Under Mr Ratan Tata’s stewardship, the Tata group has turned extremely aggressive and acquisition-oriented. The Corus takeover has put it into a debt of $7.4 billion. But that didn’t stop the Tatas from taking over Jaguar-Land Rover. Labour unions in these acquired companies feel less than assured of job protection and good industrial relations.
On top of this comes Tata Motors’ decision to move the Nano factory to Gujarat. Implicit in this is an endorsement of Mr Modi’s style of governance, and above all, a sanctification of his viciously communal politics.

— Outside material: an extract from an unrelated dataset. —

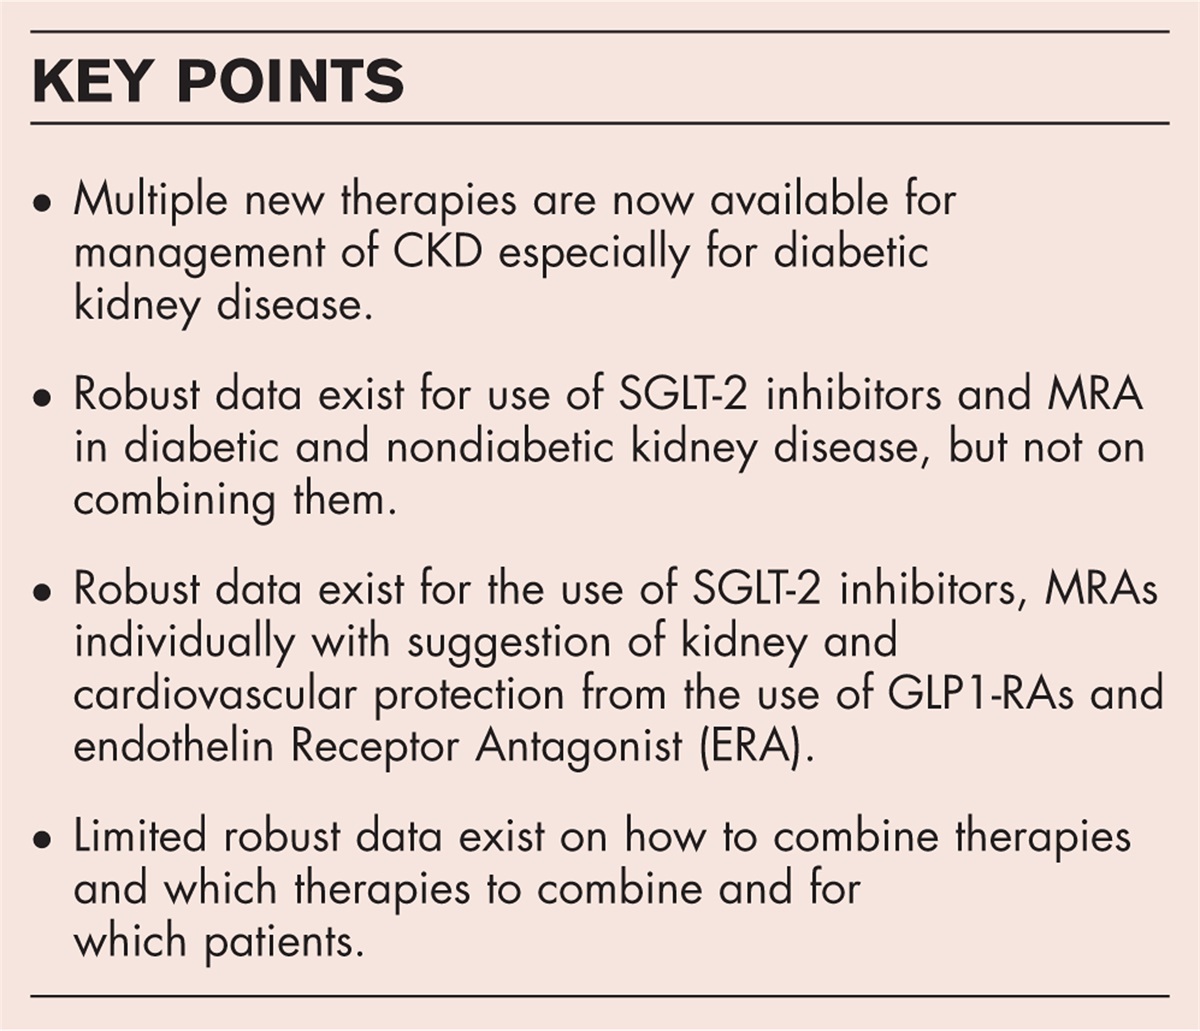 Combination therapy with kidney protective therapies: optimizing the benefits?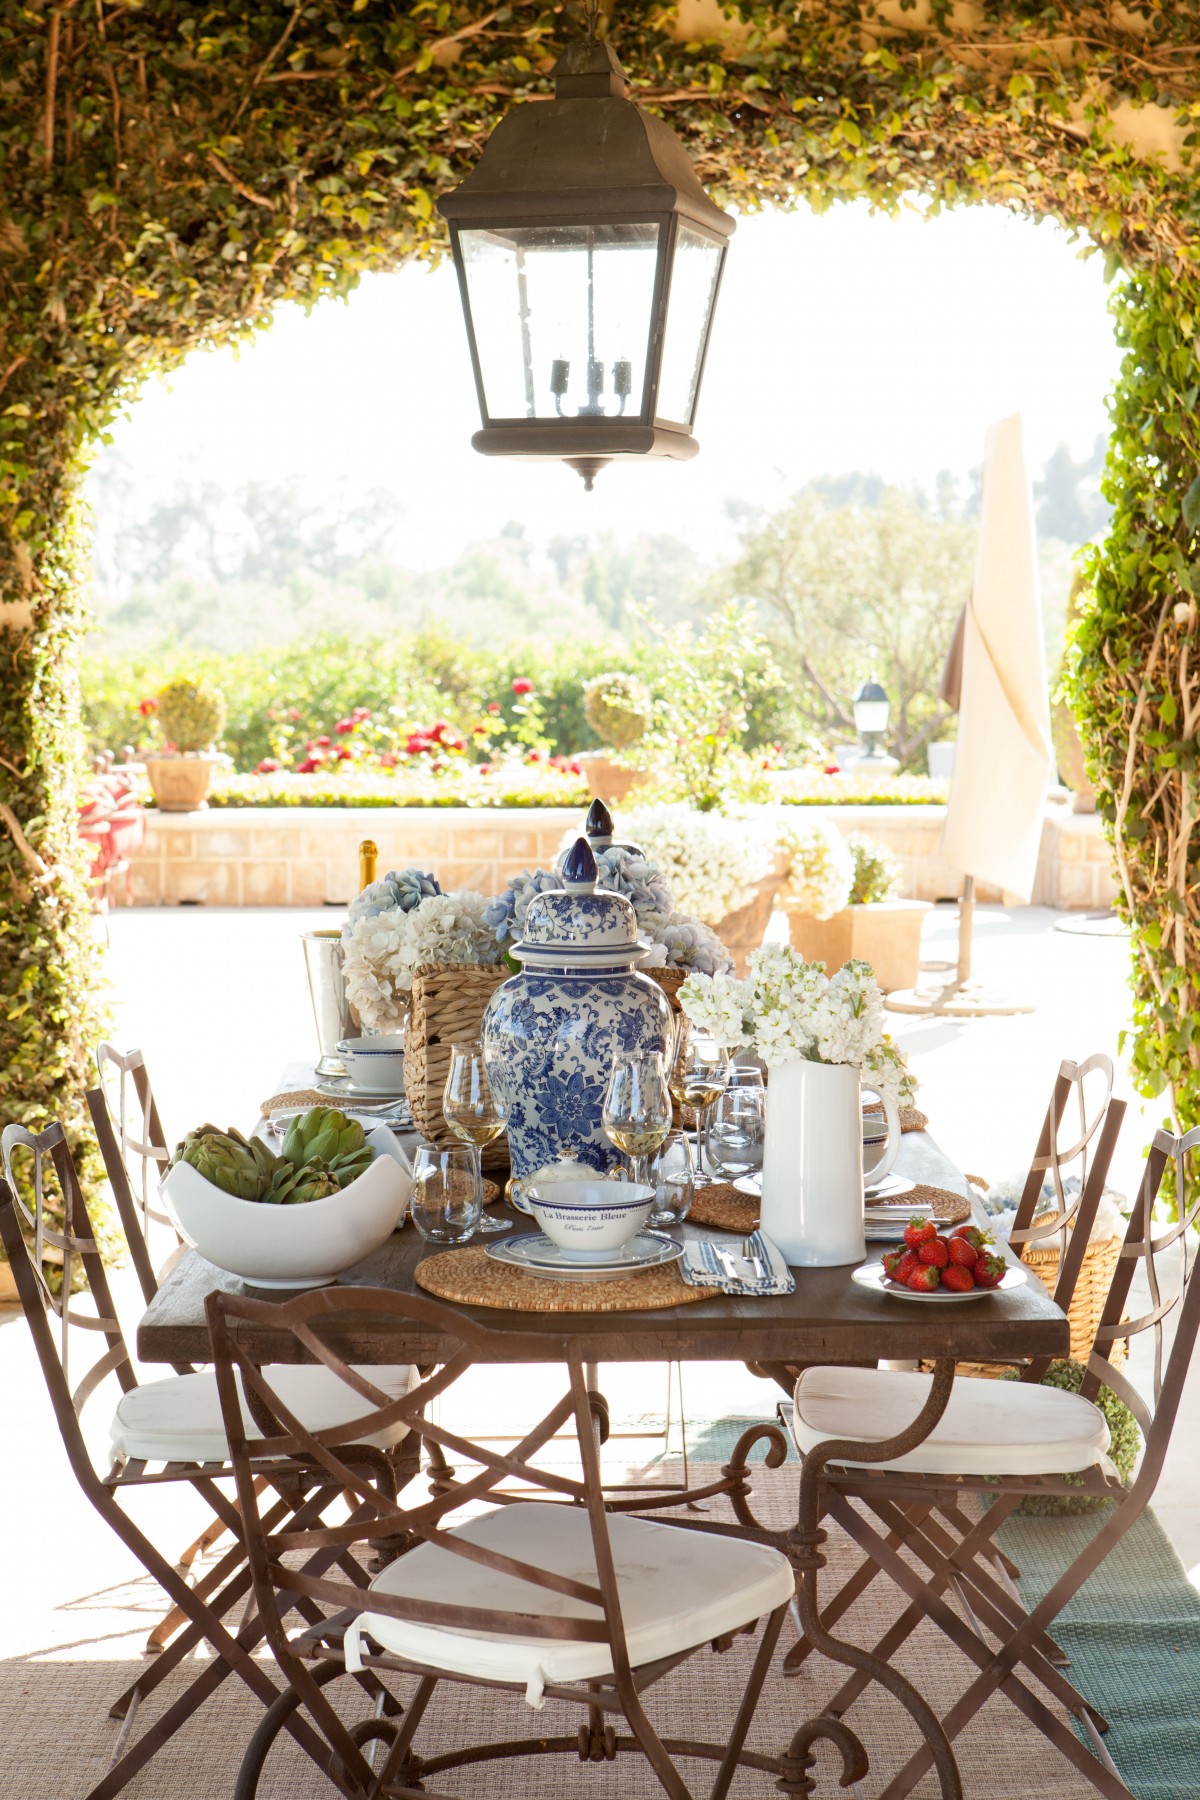 The home of designer Jennifer Amodei, located outside Santa Barbara in Somis, California, is a mix of California, French, and Italian influences.

In effect, the decision will be interpreted as an invitation to forget the haunting reality of the massacre of 2,000 Muslims in 2002 sponsored by the state. This was the worst carnage of its kind in Independent India-and a major assault on secularism and democracy, from which Gujarat has still not recovered.
Indeed, the victims of the carnage continue to be denied justice and live in fear and insecurity, with scores of cases under TADA and POTA and all manner of harassment, including fake encounters in which DCP Vanzara has been involved. The recent report of the Nanavati commission has only added insult to injury by declaring the burning of a train coach at Godhra a planned conspiracy instead of an accident, and by giving a clean chit to Mr Modi. (For a detailed critique of the Nanavati report by Ahmedabad-based lawyer-activist Mukul Sinha, visit www.nsm.org.in)
Mr Tata’s endorsement of Mr Modi is in line with a long process of the Indian industrialist class gradually reconciling itself with Modi-style Hindutva, helping erase the memory of the Gujarat pogrom, and "normalising" Hindu communalism.
This is happening at a dangerous moment in India’s evolution, when Hindutva attacks on the religious minorities are rising, whether in Orissa and Karnataka, or in Madhya Pradesh and Maharashtra, while the minorities face ethnic cleansing or are victimised in the name of fighting terrorism. The Indian state has shown no will to stop this and bring the culprits to book by upholding the law of the land.
As the latest National Integration Council meeting showed, even Mr Naveen Patnaik is willing to implement a ban on the Bajrang Dal, if the Centre orders one. But will the Centre muster the courage, or duck the problem of communalism like the Tatas have done? India’s survival as a pluralist secular democracy hinges on this issue.